A basic zero-knowledge proof consists of three elements.
Firstly, we have the witness, what the secret information is. The pointer asks questions that only a party aware of the information would know.
The second element is the challenge, where the verifier selects a question from the set for the prover to answer.
The third and final element is the answer, where the speaker answers the question. With the response, the verifier confirms that the prover has access to the witness. The verifier then continues to select more questions from the set. The multiple questions limit the possibility of the speaker falsifying knowledge of the information.
Types of zero-knowledge proofs
There are two types of zero-knowledge proofs: interactive and non-interactive.
Interactive zero-knowledge proofs enable back-and-forth communication between two parties. The communication allows verification of the validity of statements to the satisfaction of the verifier.

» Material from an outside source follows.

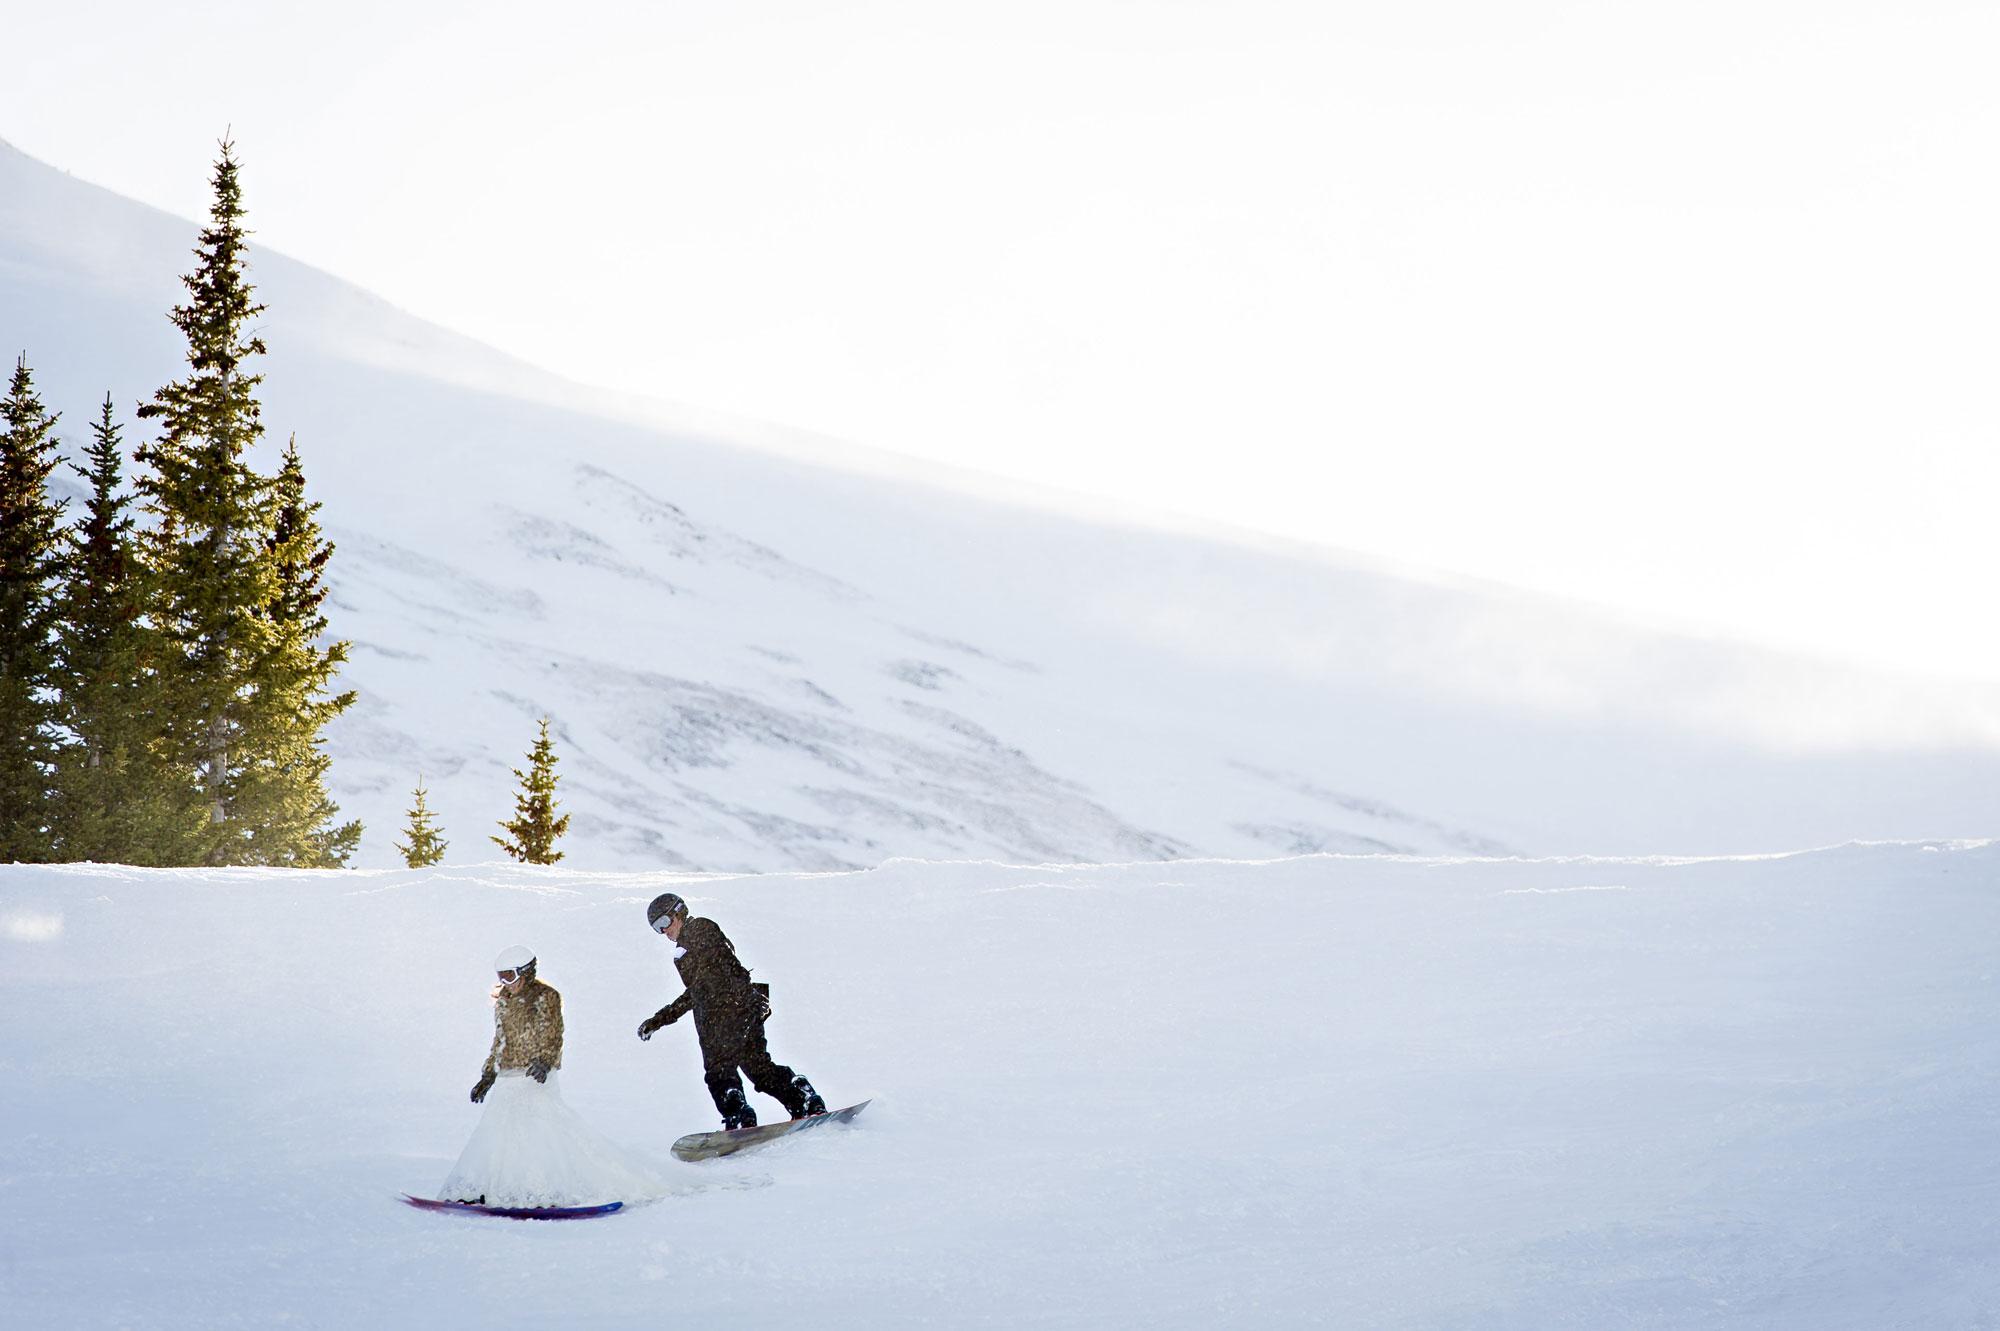 A Winter Wedding with a Snowboarding Bride & Groom in Breckenridge, CO

Non-interactive zero-knowledge proofs: Here two parties are involved in only one round of communication. The prover shares the information with an algorithm that calculates the zero-knowledge proof. The verifier receives the proof and uses another algorithm to confirm the prover’s knowledge.
Given the convenience of non-interactive ZKPs, many currently available protocols fall under the category of non-interactive ZKPs. Let’s take a look at a few.

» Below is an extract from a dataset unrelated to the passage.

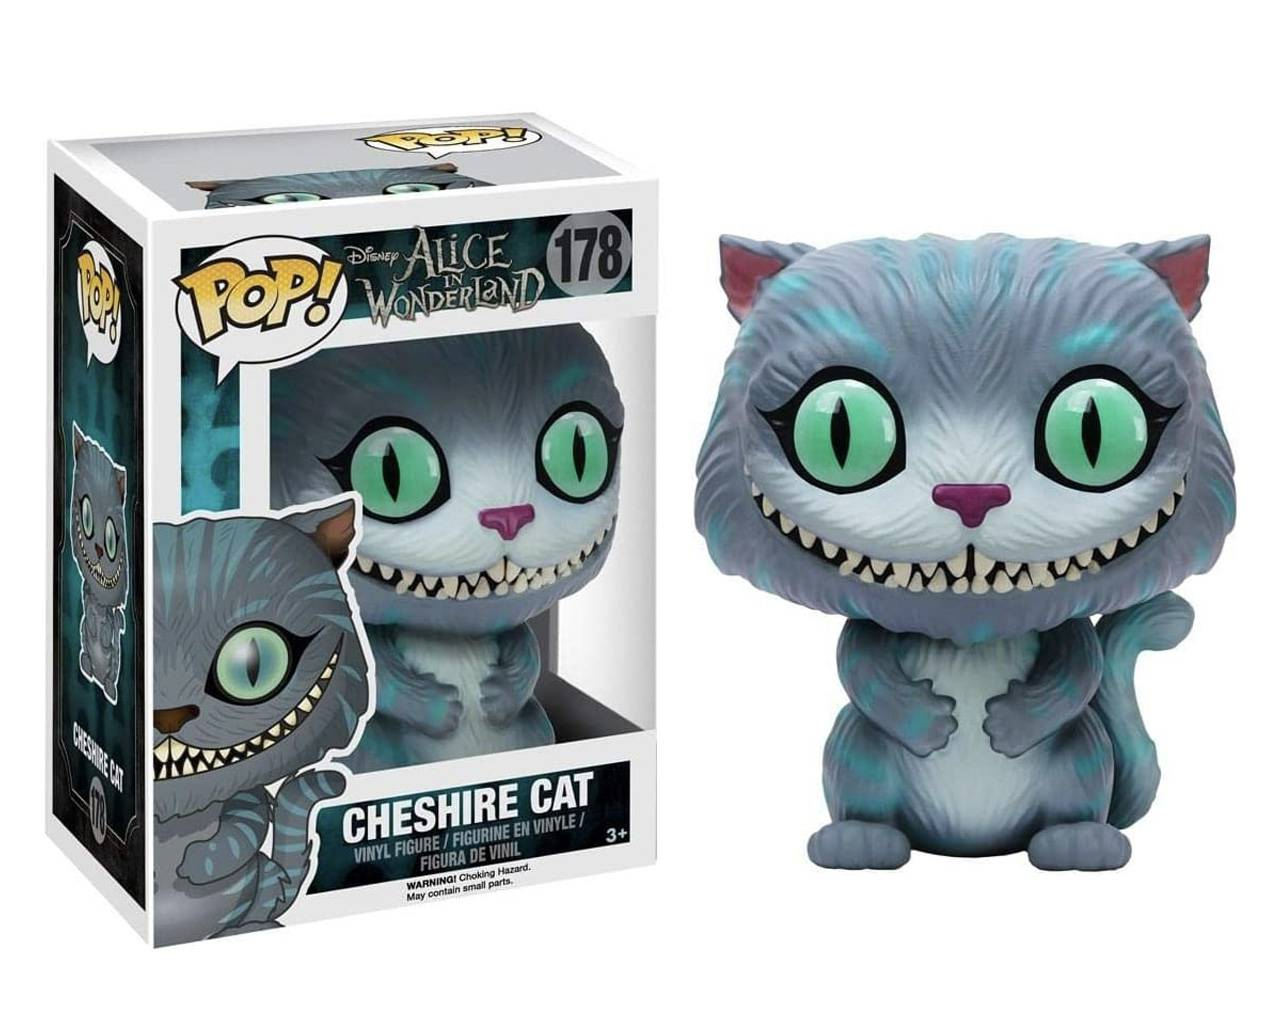 Cheshire Cat (Movie) Pop! Vinyl

ZK-SNARKs: Fully known as Zero-Knowledge Succinct Non-Interactive Argument of Knowledge, their small size makes the verification process easy. These protocols use elliptic curves to generate cryptographic proof, a process considered gas-efficient.
ZK-STARKs: They are known as Zero-Knowledge Scalable Transparent Argument of Knowledge. They are fast because of the minimal interaction between two parties.
Bulletproofs: These do not require a trusted setup. The short, non-interactive zero-knowledge proofs enable private cryptocurrency transactions.
PLONK: These are known as permutations over Lagrange bases for ecumenical non-interactive knowledge arguments. PLONKs enable a large number of participants by using a universally trusted setup.
Why do we need zero-knowledge proofs?
Several use cases explain why we need zero-knowledge proofs. Let’s take a look at some of the most important ones.
Security and privacy: Web3’s pseudonymity cannot guarantee complete privacy as transaction history is available on public blockchains. ZKPs allow information verification without revealing PII, thus preserving anonymity.
Identity Verification: Proving someone’s identity doesn’t have to involve sharing sensitive information. ZKPs provide a way to perform the identity verification process privately and securely.
Scalability: ZKPs allow blockchain networks to verify transactions without revealing the underlying data. The efficiency of the network improves because the information stored on the blockchain decreases significantly.
Compliance: Organizations can comply with legal requirements regarding anti-money laundering, KYC and other relevant laws. ZKPs allow organizations to comply without storing users’ personal information in centralized databases.
Zero-knowledge proofs are a fundamental cryptography tool that provides information authentication to unidentified or untrusted parties. The pseudonymous nature of the Web3 space poses a challenge in terms of information verification. ZKPs address this pain point through revolutionary protocols that promise to ensure fast and secure transactions.